[Information]
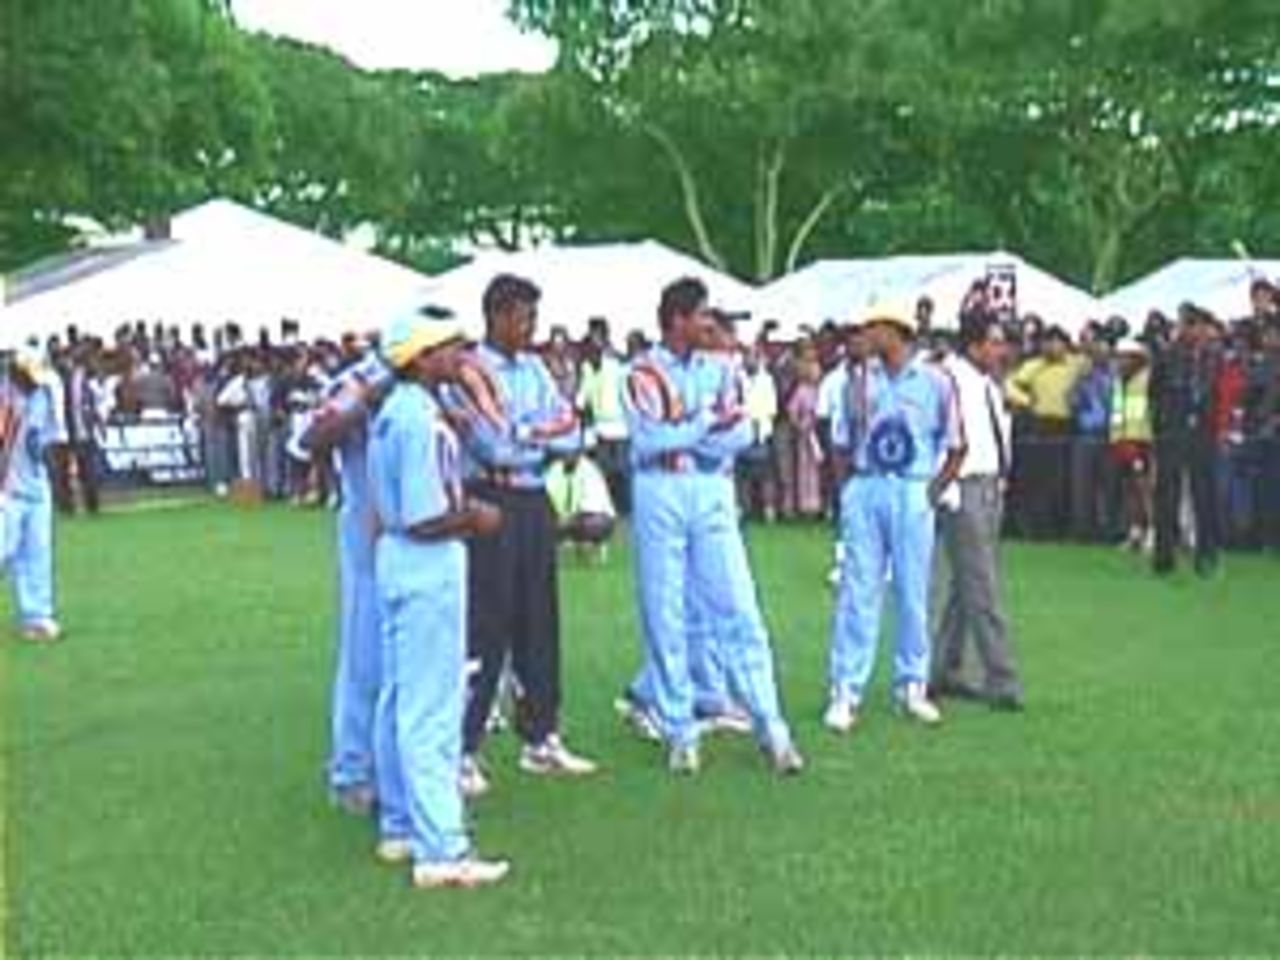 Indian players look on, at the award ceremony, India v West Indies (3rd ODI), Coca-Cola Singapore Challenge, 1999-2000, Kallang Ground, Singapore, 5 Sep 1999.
---
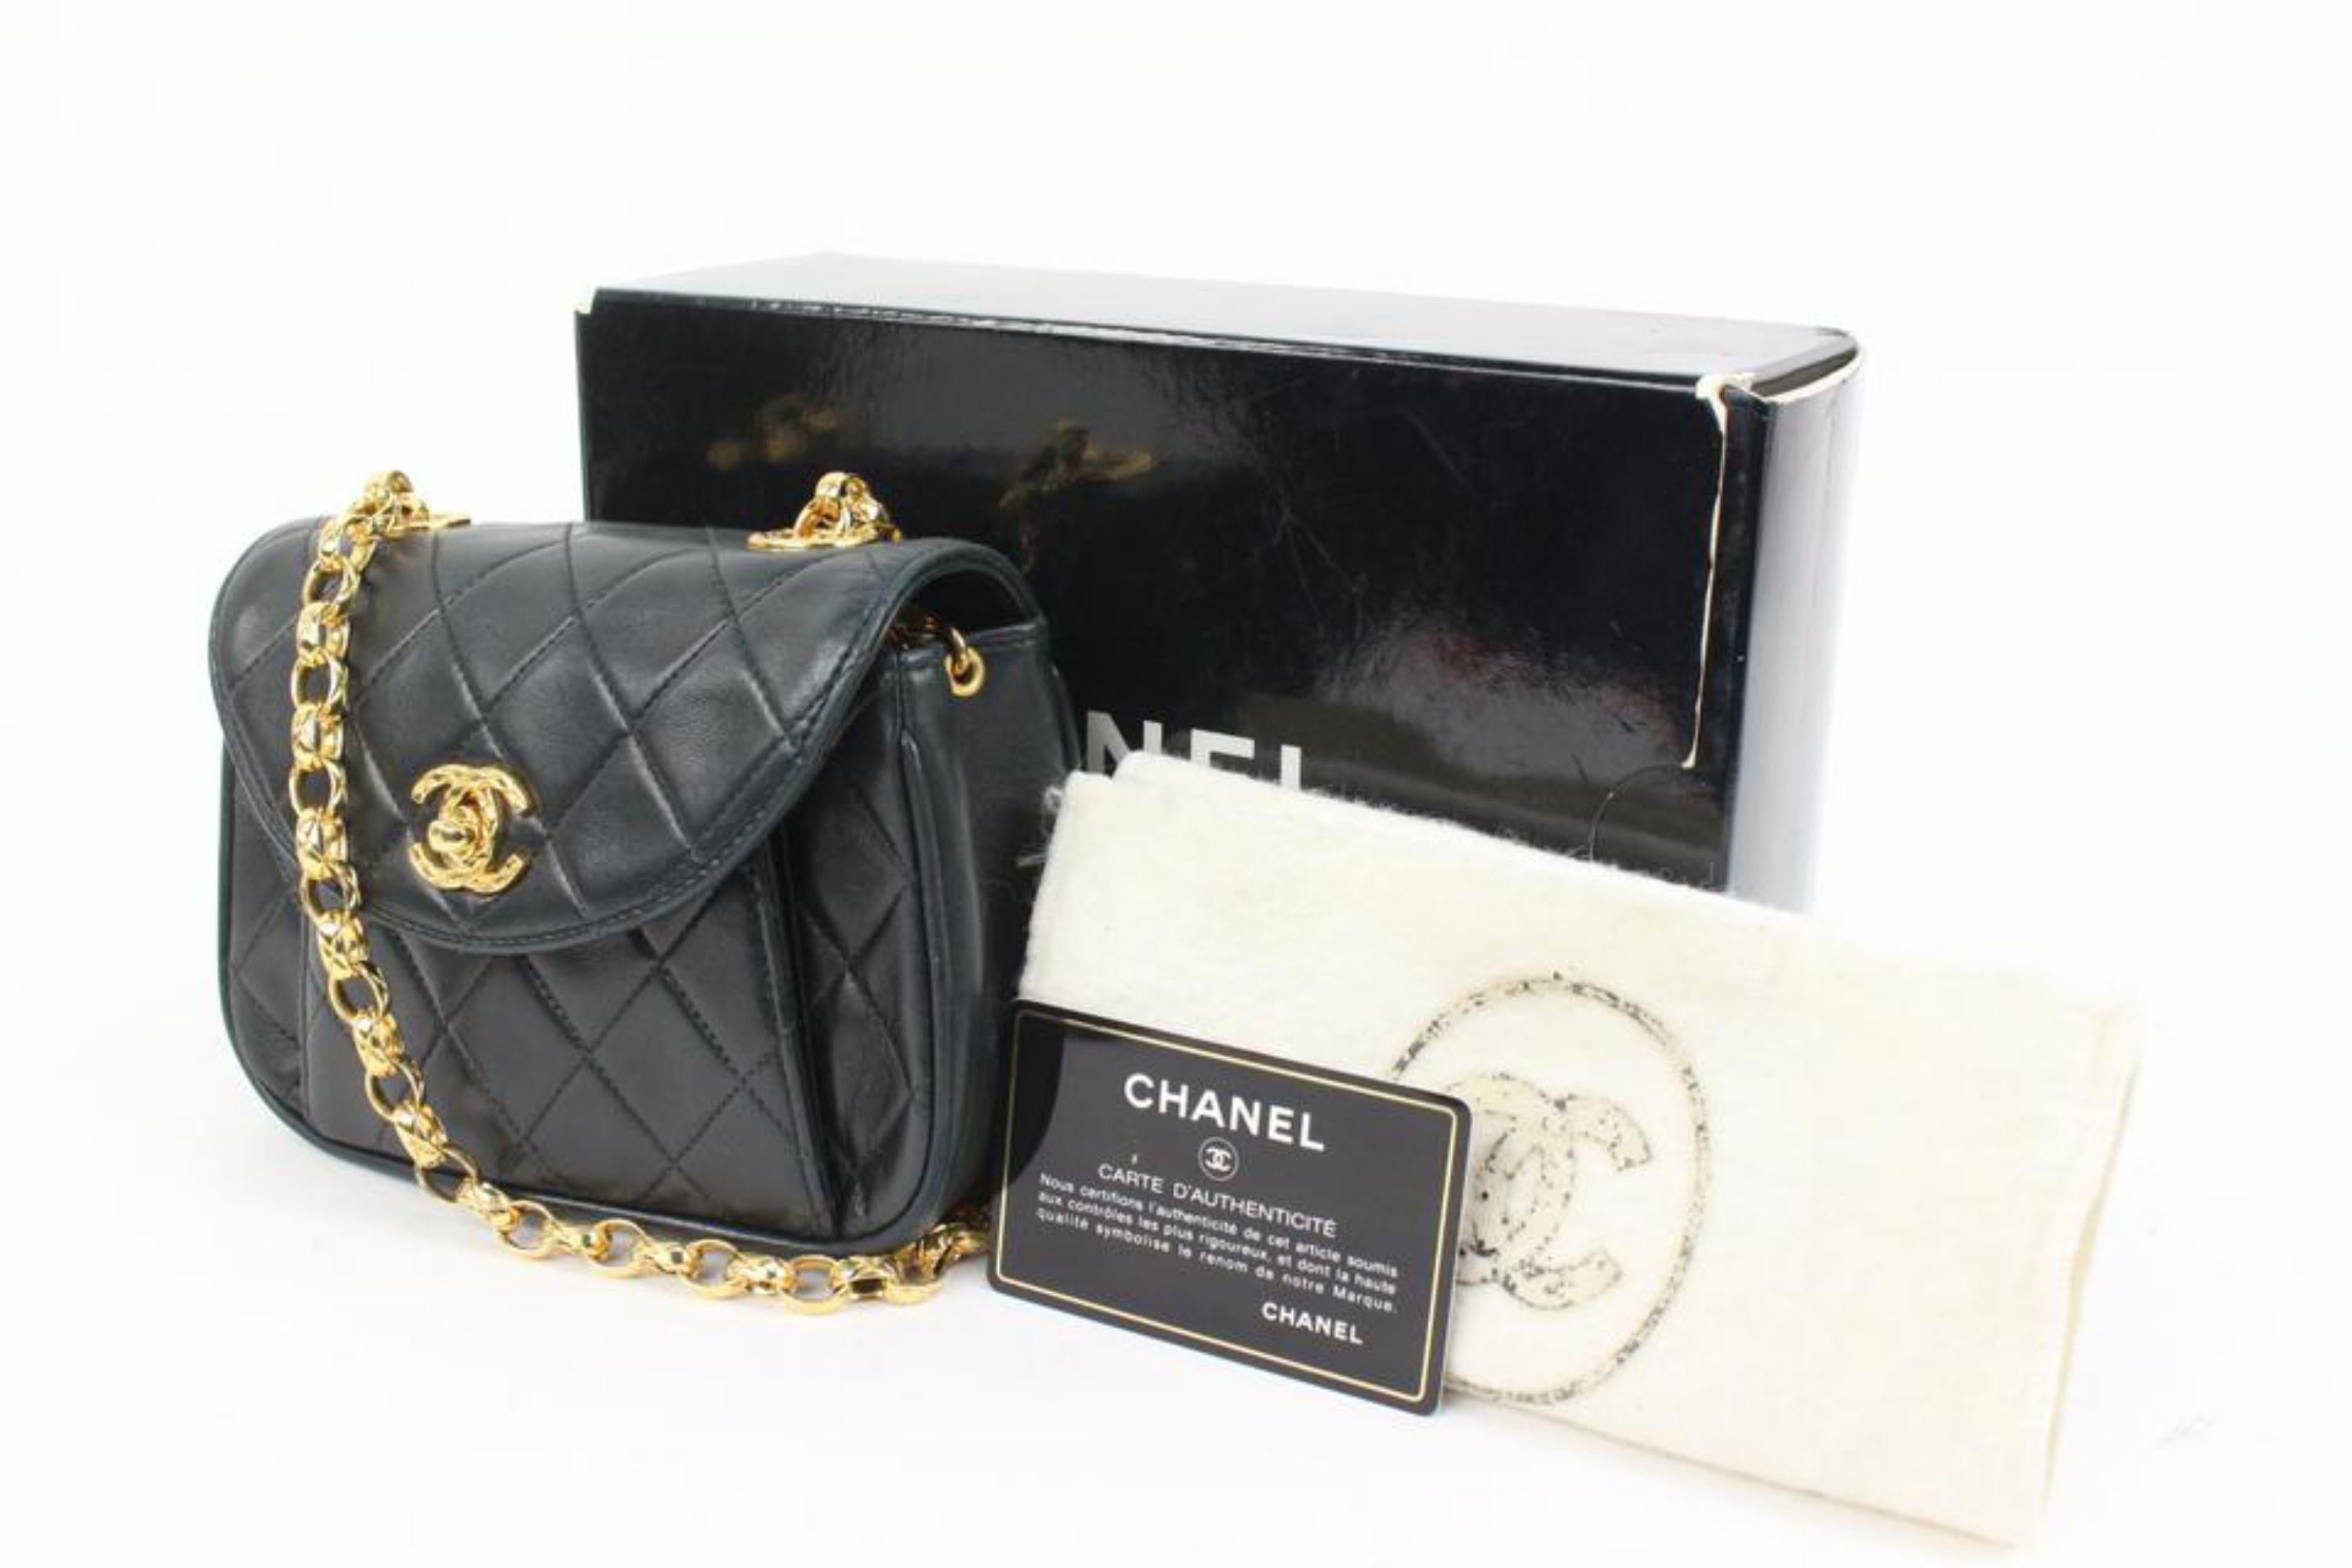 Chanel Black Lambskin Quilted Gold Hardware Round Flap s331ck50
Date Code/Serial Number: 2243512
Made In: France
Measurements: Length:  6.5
==
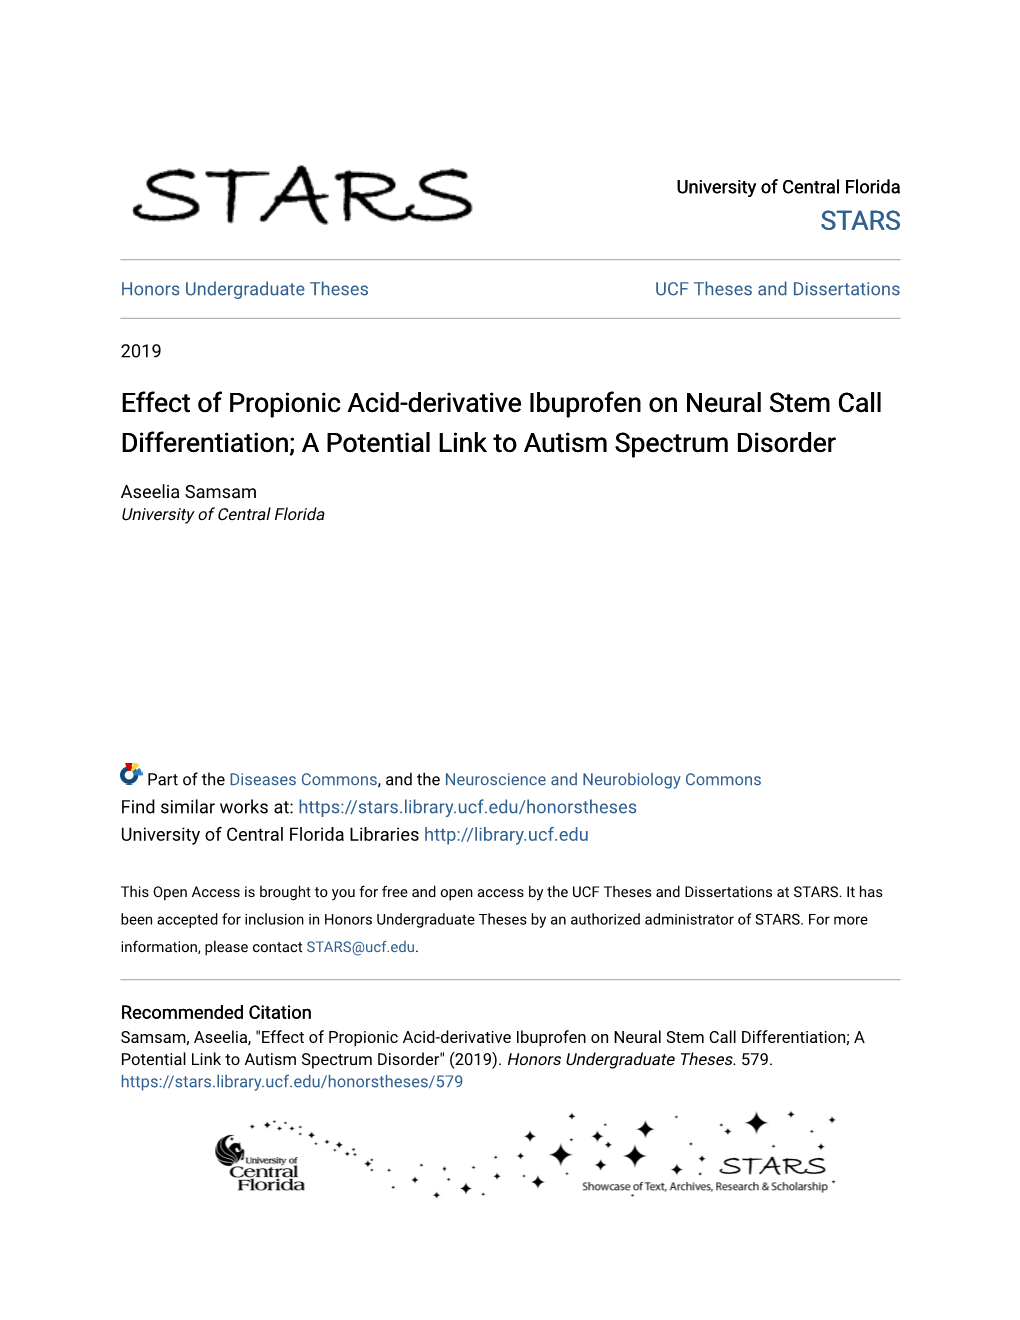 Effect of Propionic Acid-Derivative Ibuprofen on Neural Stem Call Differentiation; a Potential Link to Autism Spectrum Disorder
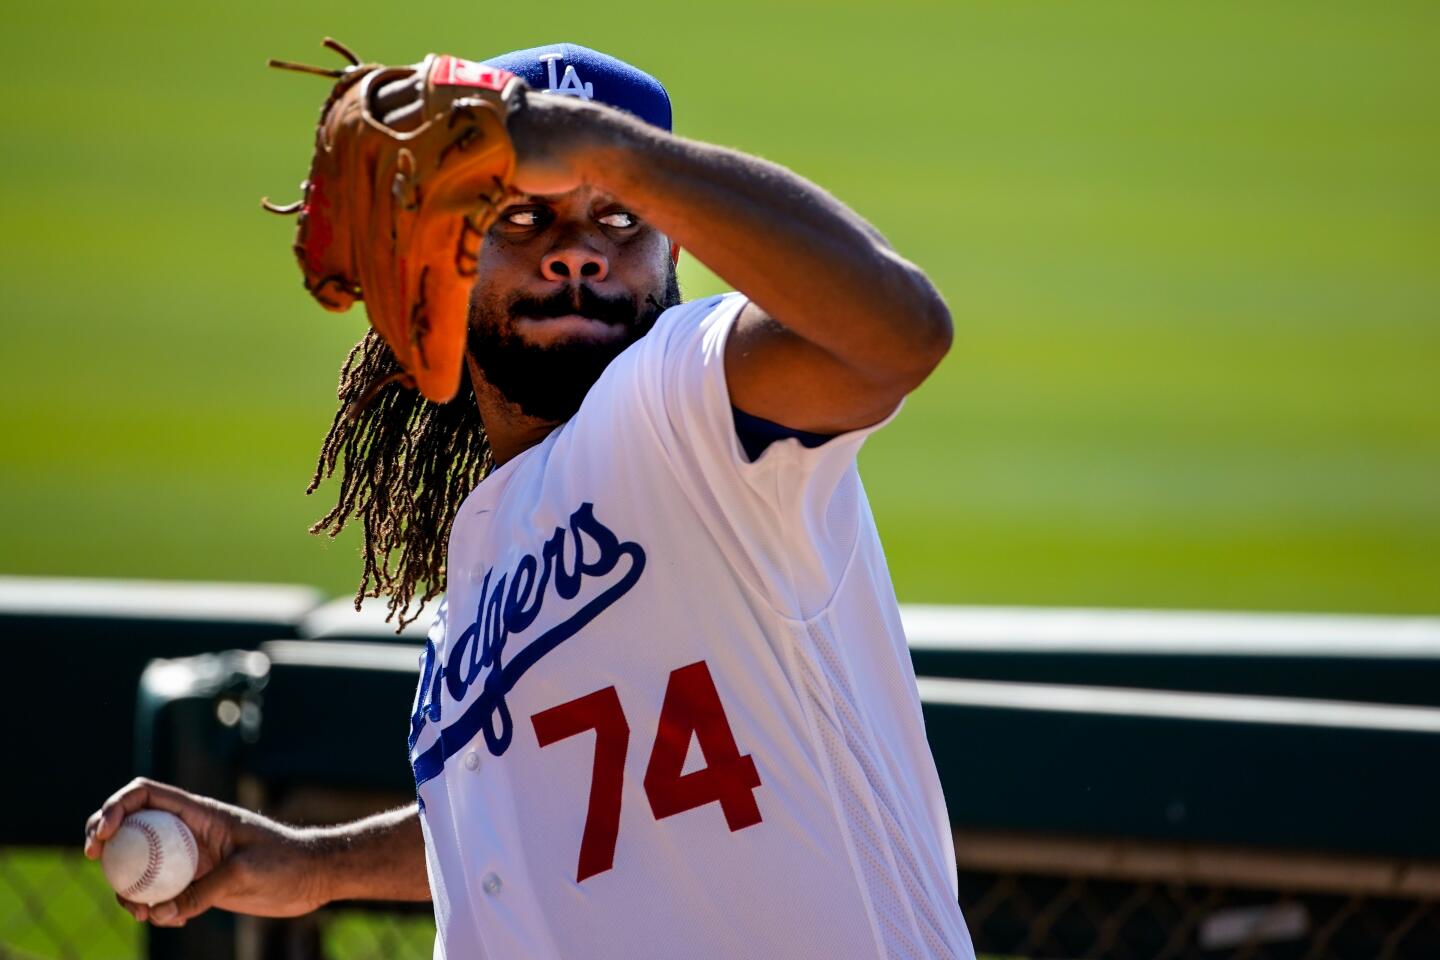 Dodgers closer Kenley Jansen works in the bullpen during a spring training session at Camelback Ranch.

[Exercise objective] Reproduce word for word, with pictures dropped, only the part of the material above that opens with the line containing "Effect of Propionic" and closes with the line containing "Dodgers closer Kenley".

[Exercise response]
 Effect of Propionic Acid-Derivative Ibuprofen on Neural Stem Call Differentiation; a Potential Link to Autism Spectrum Disorder
 Dodgers closer Kenley Jansen works in the bullpen during a spring training session at Camelback Ranch.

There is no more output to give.